А здесь все изменилось, не узнать. Была деревня, стал город. Стало. Было. И почти вся жизнь позади, между только двух слов. Чья, его самого? Или того, кто остался здесь навсегда, среди этих волн, южного пронзительного неба, заспанного то ли городишка, то ли деревни? Что он хочет понять? Возможно ли? Удастся найти, услышать? Яркое солнце над головой. Сегодня холодное.

Иван, Иван Сергеевич, сошел с разбитого автобуса. Следовало поискать, где остановиться. Лучше там, как можно ближе к морю. К пляжу, где когда-то все начиналось. К своей юности.

Жилье нашлось сразу и почти на самом берегу. В ноябре мало кто хочет отдыхать в Крыму, не сезон. Устроился быстро. Теперь туда, на берег, где стояла когда-то их маленькая старая зеленая палатка, в которой так сладко спалось и мечталось под мерный шум волн.

Узенькая улочка виляла среди разноцветных деревянных домов. Как тогда. Все как тогда, будто ничего ни для кого не изменилось, непривычно только идти одному.

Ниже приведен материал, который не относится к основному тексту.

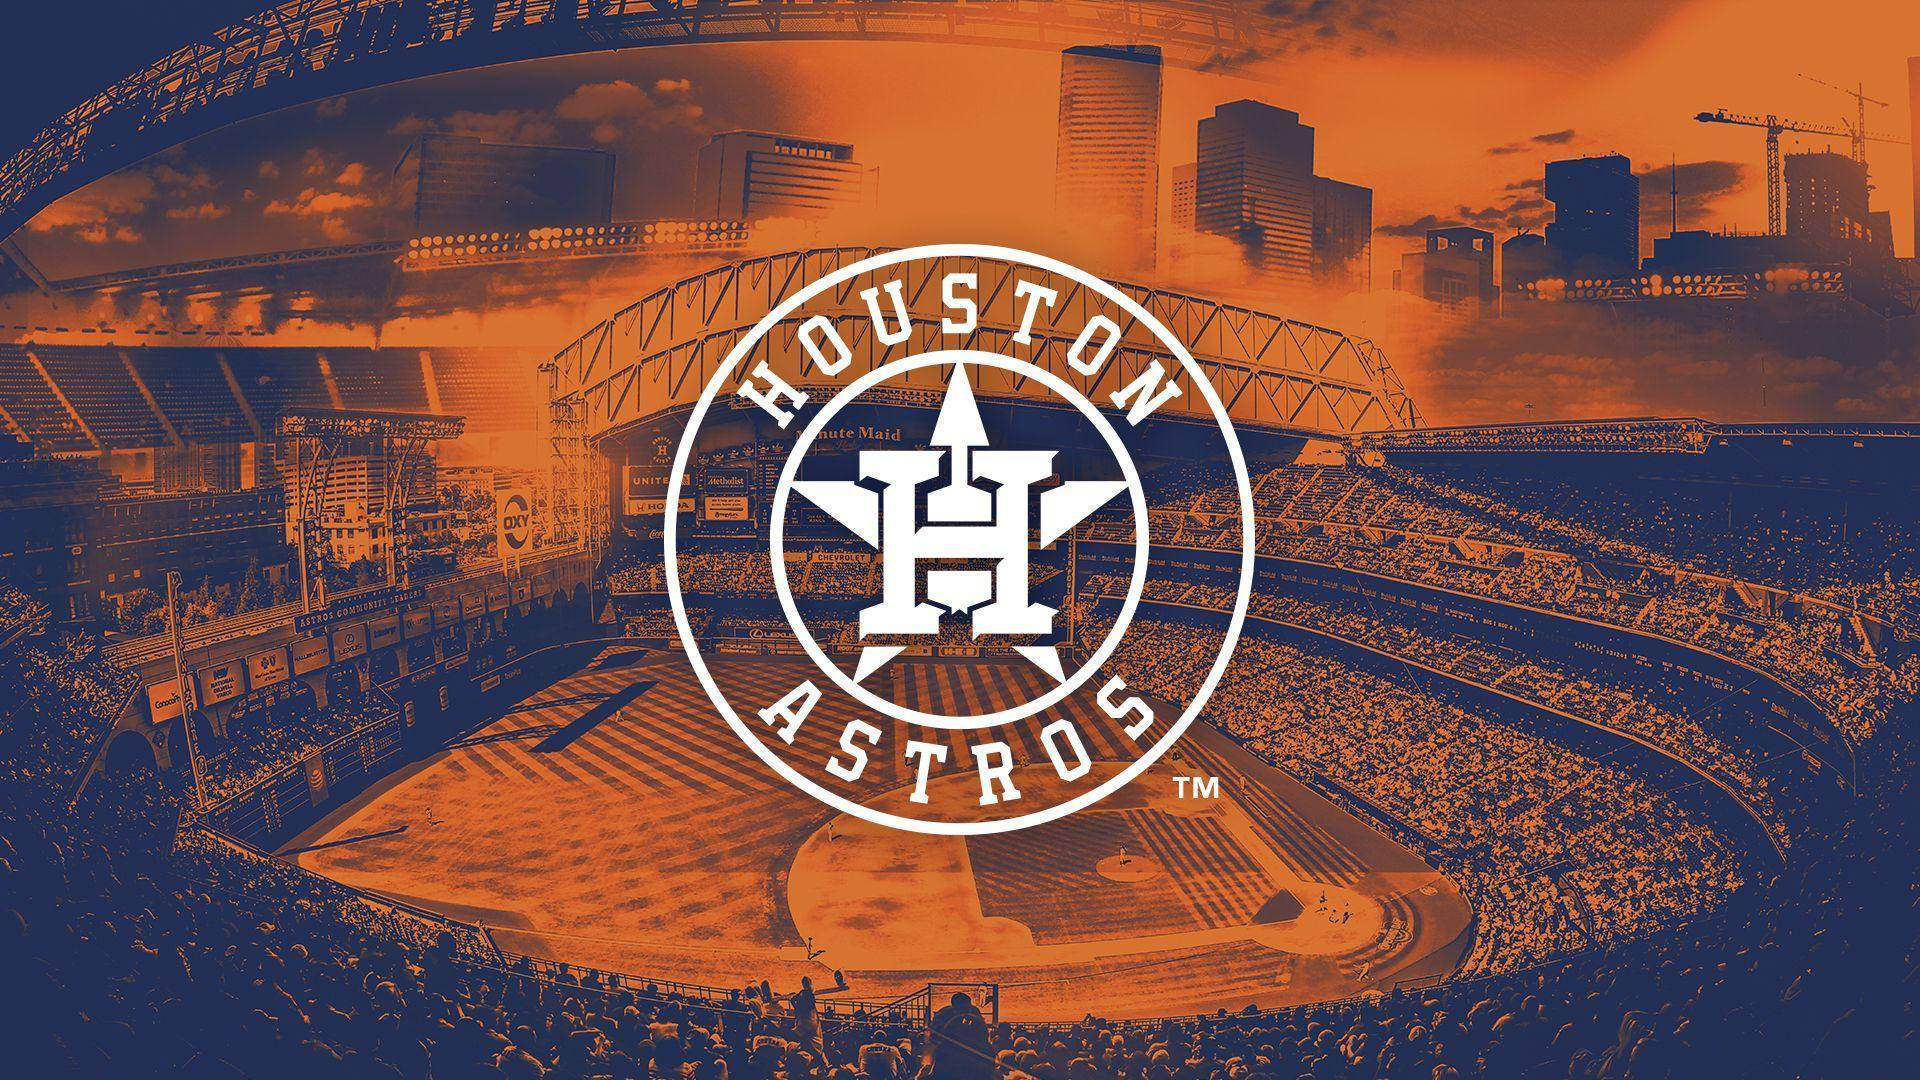 Houston Astros Monochrome Stadium Background

Иван спускался не торопясь, точно зная, что вон там, на следующем повороте, опять увидит море, раскалывающее о берег соленый холодный прибой.

Домик, совсем маленький, за голубым забором. А он, оказывается, многое забыл. Вот этого домика совсем не знает. Ничего удивительного, за столько-то лет! Или его тогда еще не было?

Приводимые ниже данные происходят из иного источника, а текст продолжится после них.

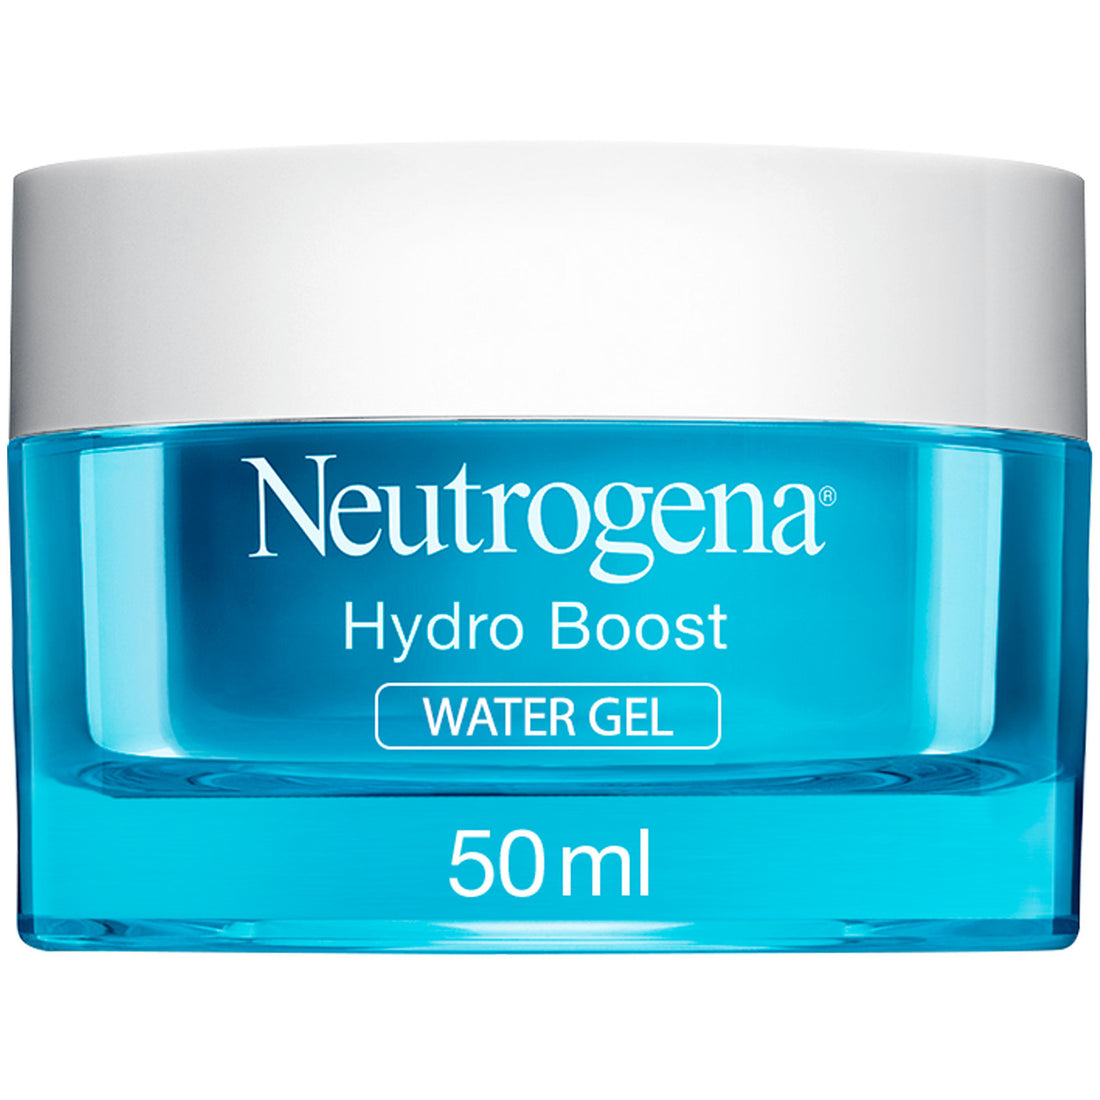 Neutrogena, Moisturizer Water Gel, Hydro Boost, Normal to Combination skin, 50ml

Музыка. Как знакомо! Светлая, меланхоличная. Шопен. Только вот исполнение неважное. Все равно. Твой любимый ноктюрн. Здесь? Как странно.

 


Вот и пляж. Ни единой души вокруг. Ветрено. Влажно. Иван поплотнее запахнул на себе черное длиннополое пальто, чтобы не простыть. Где же тогда они поставили палатку? Вроде вот тут, недалеко от спуска. Или там, чуть правее. Надо же, он не помнит. А дома казалось: все, каждая, даже совсем незначительная деталь, навечно застряла в памяти так, что стоит только закрыть глаза и увидишь, как на картине. Ладно. Их палатка стояла где-то здесь, и каждое утро начиналось тоже вот под звуки Шопена или Бетховена из маленького катушечного магнитофона, которым они так дорожили. Отец Ивана привез его из случайной загранкомандировки.

В то лето они только перешли на пятый курс консерватории. Были молоды, талантливы, неутомимы. Тогда казалось, что не только их беззаботное существование, но весь мир: природа, море, желания — все состоит из звуков. Что из всего, что есть вокруг, уже давно сделана музыка.

Мелодии расскажут обо всем, научат любить, ненавидеть, страдать. Стоит только правильно прочесть их, почувствовать, научиться сыграть. И откроется мир, в который пускают только избранных, тех, кто сможет распахнуть двери. И там, в этом мире, казалось, уже ждут их. Они были слишком успешны, чтобы заметить вокруг что-то еще, кроме самого главного для них — музыки.

Пора возвращаться. Уже темнеет. Надо разобрать вещи и где-то поужинать. У него еще будет время вспомнить, вернуться в жаркое лето, где они были так уверены во всем на свете.

Опять этот домик и звуки классики из распахнутого настежь окна с белой полупрозрачной занавеской. Моцарт. Теперь это работает музыкальный центр. Не живая игра, проигрыватель. Но очень хорошо, талантливо, виртуозно.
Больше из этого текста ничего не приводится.